Open data des décisions de justice et API des cours françaises et européennes

Sommaire

    Adoptée le 23 mars 2019, la loi n° 2019-222 de programmation 2018-2022 et de réforme pour la justice a enclenché par son article 33 un processus de mise à disposition gratuite sous forme électronique des décisions des juridictions françaises. Elle a été complétée par deux décrets touchant à la mise en oeuvre pratique de cette exigence (Décret n° 2020-797 du 29 juin 2020 relatif à la mise à la disposition du public des décisions des juridictions judiciaires et administratives et Décret n° 2021-1276 du 30 septembre 2021 relatif aux traitements automatisés de données à caractère personnel dénommés « Décisions de la justice administrative » et « Judilibre »). Tandis que le Conseil d’Etat ne met pour le moment en ligne qu’en ensemble de fichiers XML chronologiquement organisés (https://opendata.conseil-etat.fr/), la Cour de cassation a développé une API (interface de programmation applicative), c’est-à-dire une interface de communication avec sa base de données, ouverte aux logiciels et services tiers. Cette API, dénommée « Judilibre », est hébergée par la plateforme PISTE, gérée par l’Agence pour l’Informatique Financière de l’Etat et qui héberge également l’API du site Légifrance.

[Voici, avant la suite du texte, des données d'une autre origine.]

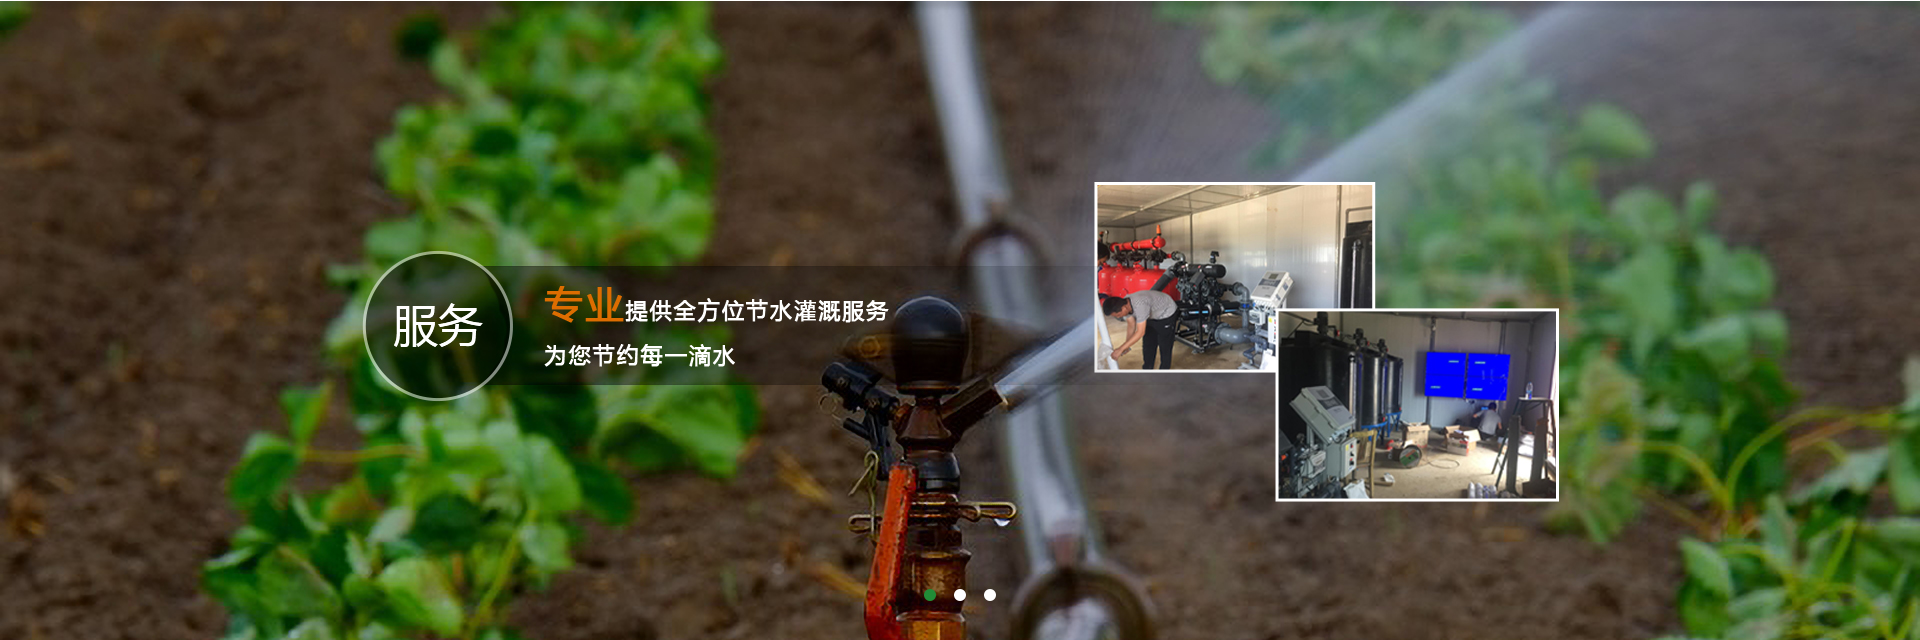 全(quan)自動灌溉

    Toute personne intéressée peut s’enregistrer auprès de PISTE pour pouvoir ensuite utiliser les API qui sont hébergées et les intégrer dans une application / logiciel qui pourrait en tirer profit. C’est notamment ce que j’ai fait pour le développement d’un petit site internet d’extraction de jurisprudences à partir d’un fichier docx ou pdf (https://reglex.fondamentaux.org/). Après un phase d’analyse du texte pour reconnaître les décisions de justice qui y sont mentionnées, cette application se connecte à l’API pertinente pour identifier les liens web vers les textes des décisions en cause et les afficher à l’internaute. Au-delà des API « officielles » Légifrance et Judilibre, l’application se connecte également à deux autres API « secrètes » ou du moins ne bénéficiant d’aucune documentation officielle : ArianneWeb (Conseil d’Etat) et Hudoc (Cour européenne des droits de l’Homme). La Cour de justice de l’Union européenne dispose également d’une API (EUR-LEX Web Service), mais sa lourdeur de mise en oeuvre m’a pour le moment repoussé.

    Pour les personnes intéressées, je souhaite détailler ici les modalités d’utilisation de ces différentes API, leur facilité ou non de mise en oeuvre et leurs limites, en commençant par Légifrance, pour continuer par Judilibre, ArianneWeb et finir avec Hudoc. Juste avant, je voudrais revenir rapidement sur la manière dont un site web peut communiquer avec une API.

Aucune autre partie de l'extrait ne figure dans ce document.